- Directed by: M. P. Sukumaran Nair
- Written by: M. P. Sukumaran Nair
- Produced by: M. P. Sukumaran Nair
- Starring: Jagadish; Manju Pillai;
- Cinematography: K. G. Jayan
- Edited by: B. Ajithkumar
- Music by: Gemini Unnikrishnan
- Production company: Rachana Films
- Release date: 15 December 2014; (IFFK)
- Country: India
- Language: Malayalam

= Jalamsham =

2014 Indian-Malayalam language film

Jalamsham, also spelled as Jalamsam is a 2014 Indian Malayalam-language drama film written, produced and directed by M. P. Sukumaran Nair. The film stars Jagadish, Manju Pillai, Parvathy Ghosh, Indrans, Alencier Ley Lopez and Suraj Venjaramoodu. K. G. Jayan handles the cinematography and B. Ajithkumar edits the film. Gemini Unnikrishnan composed the songs and background score.
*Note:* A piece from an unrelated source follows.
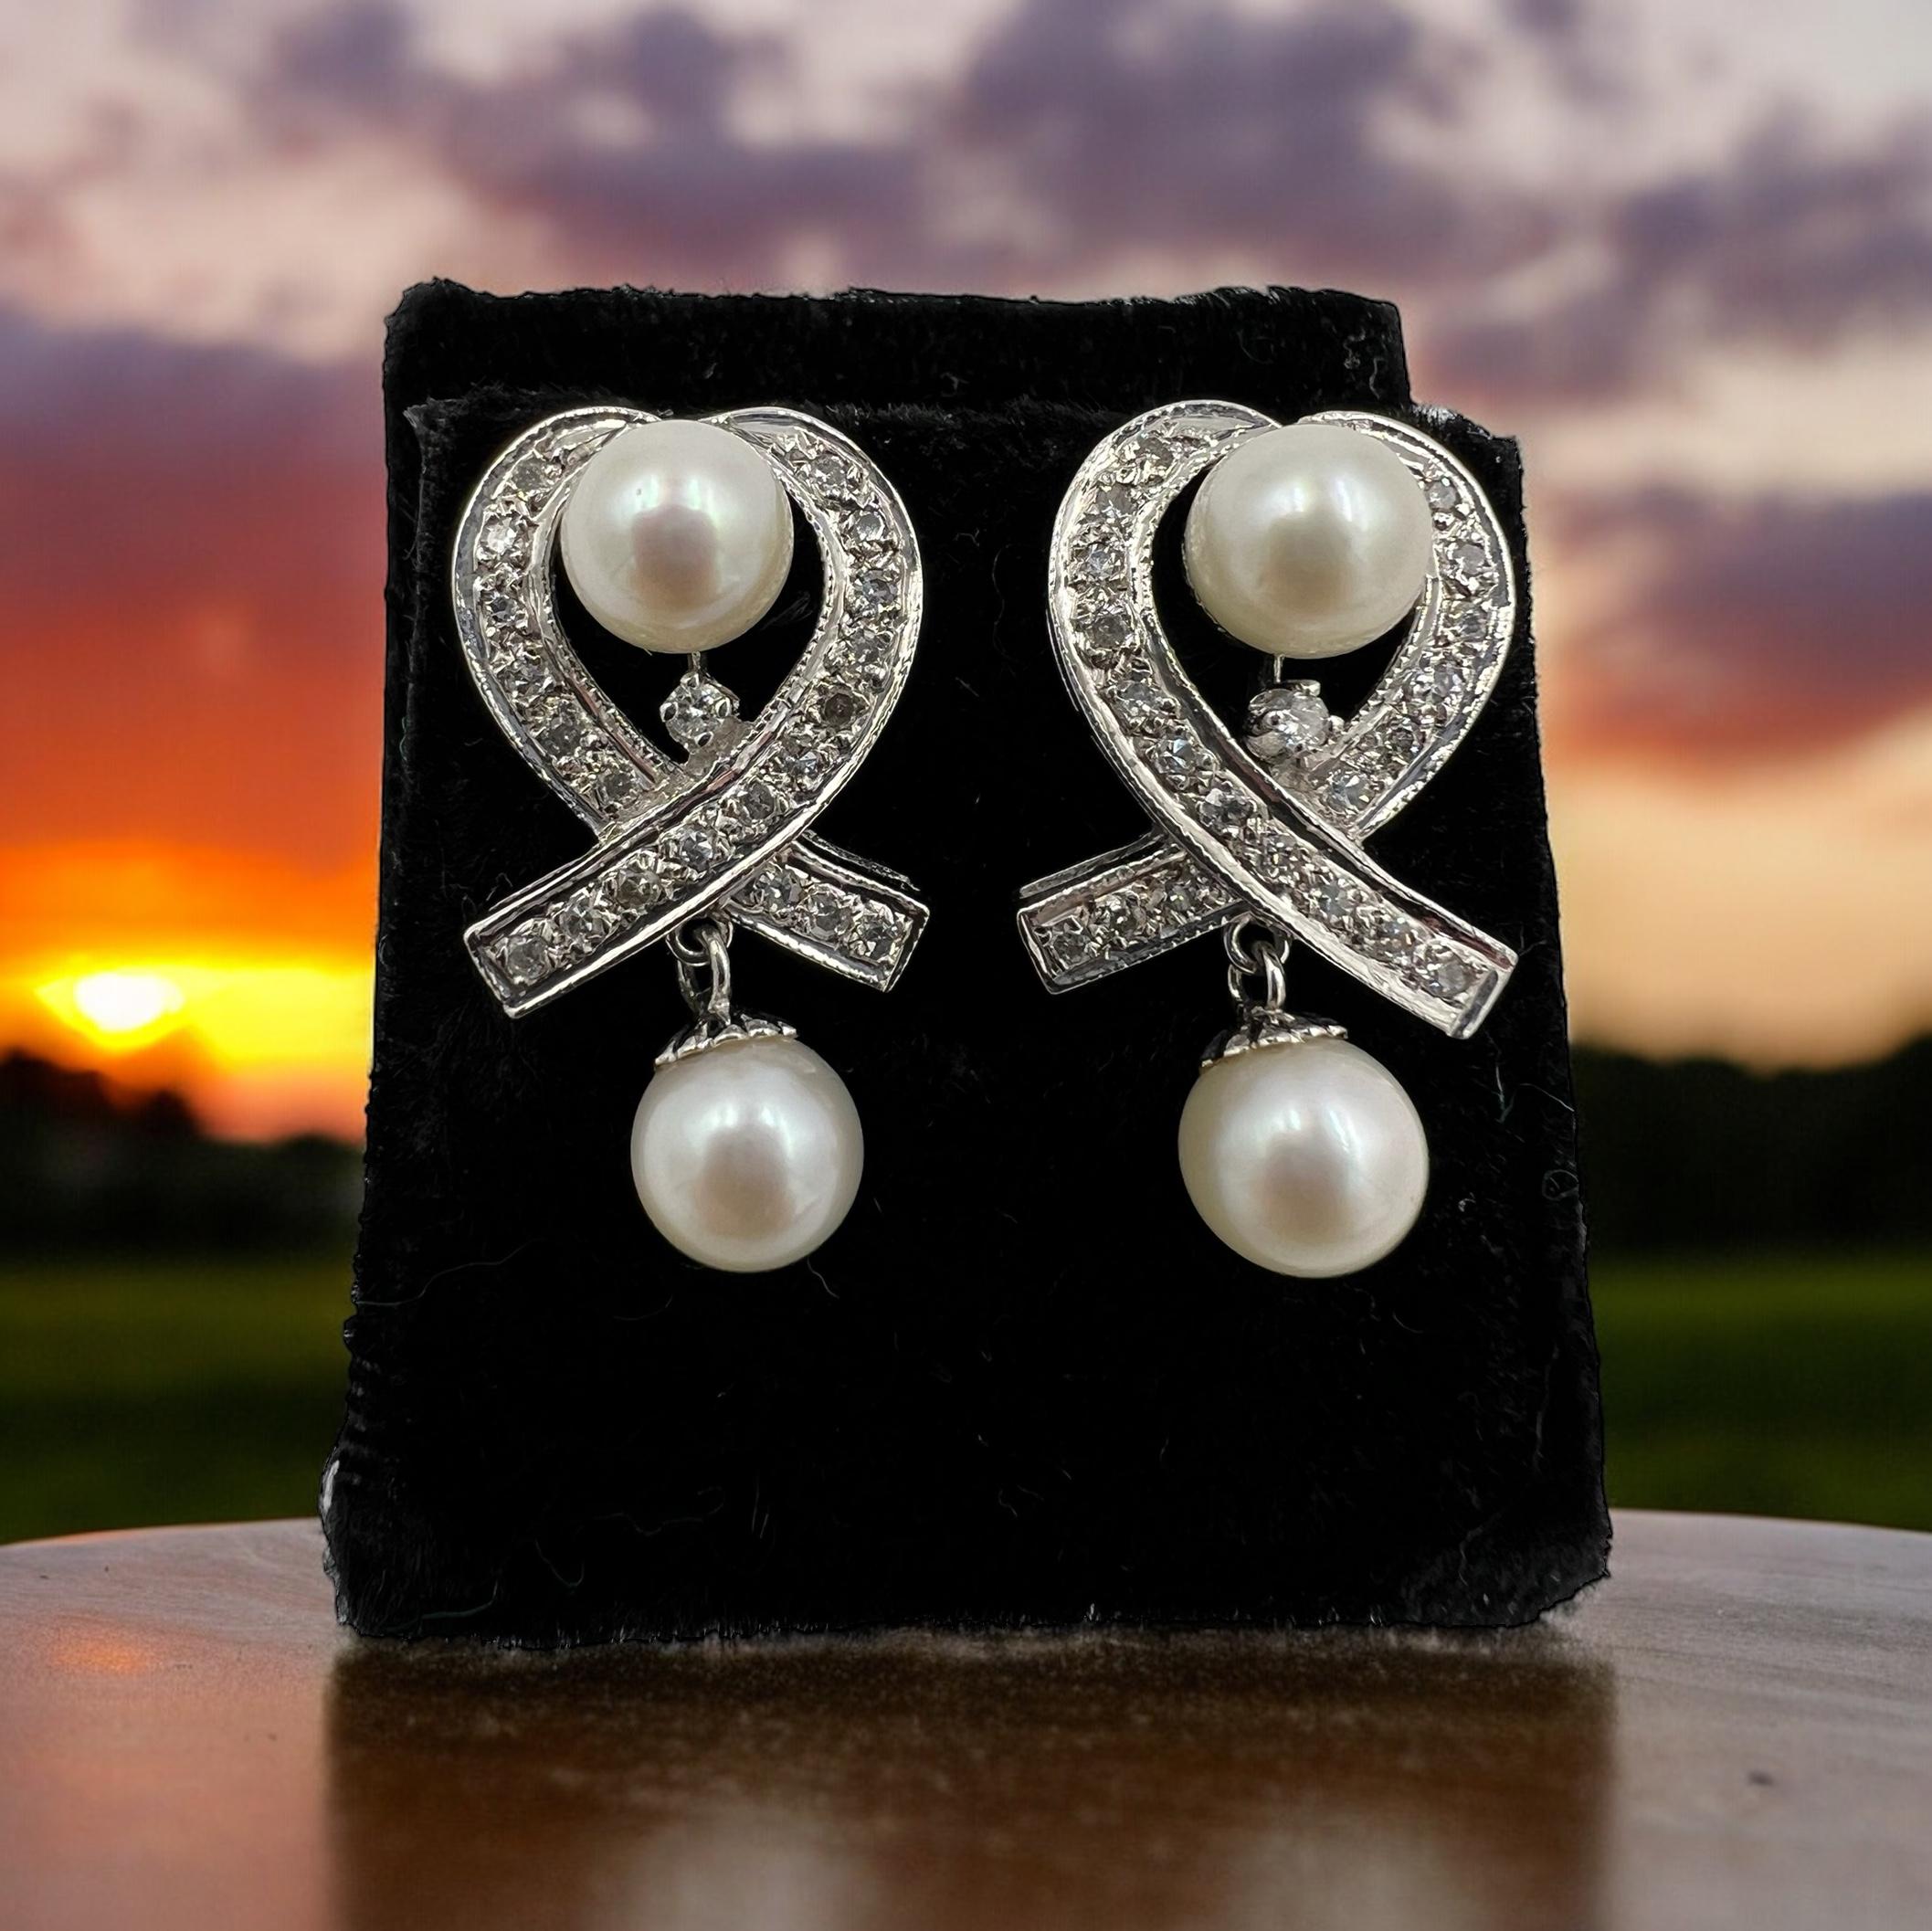 1950er Jahre Diamant-Perlen-Ohrringe aus Weißgold.

 In der glamourösen Ära der 1950er Jahre schmückten sich die Frauen mit exquisitem Schmuck, der Eleganz und Raffinesse ausstrahlte. Ein solches zeitloses Stück, das die Essenz dieser Ära einfing,

Jalamsham was officially premiered at International Film Festival of Kerala on 15 December 2014 under the category Malayalam Cinema Today.

==Plot==
The film explores the socio-political changes in Kerala over a period of time. Kunjukunju, is a farmer and father of three girls. He cultivates on leased land, but is caught in the political turmoil of the time and ends up as a murderer. The film also explores his relationships with three women – Soshakutty, his wife, Savithri, his landlord, and Karumbi, a resilient peasant.

==Cast==
- Jagadish as Kunjukunju
- Manju Pillai as Soshakutty
- Parvathy Ghosh as Savithri
- Reshmi as Karumbi
- Indrans
- Alencier Ley Lopez
- Suraj Venjaramoodu
- Krishna Prabha
- Avantika
- Professor Aliyar

==Soundtrack==

The soundtrack album of the film was composed by Gemini Unnikrishnan.

| No. | Title | Lyrics | Singer(s) | Length |
|---|---|---|---|---|
| 1. | "Deho Tho Ri" | Arpon Das | Sreekanth Hariharan | 01:53 |
| 2. | "Ulakam Vayalakki" | Anwar Ali | Jayachandran Kadambanad, Anishya John, Nithin Raj, Unnikrishnan, Jayahari P. S., Gopika J. Nath | 05:32 |
| Total length: |  |  |  | 07:25 |

==Release==
Jalamsham was censored on 25 August 2014 and had its premiere at International Film Festival of Kerala on 15 December 2014 under the category Malayalam Cinema Today. The film was also screened at the Malabar Movie Festival on 15 March 2015 and Filca International Film Festival on 30 April 2015.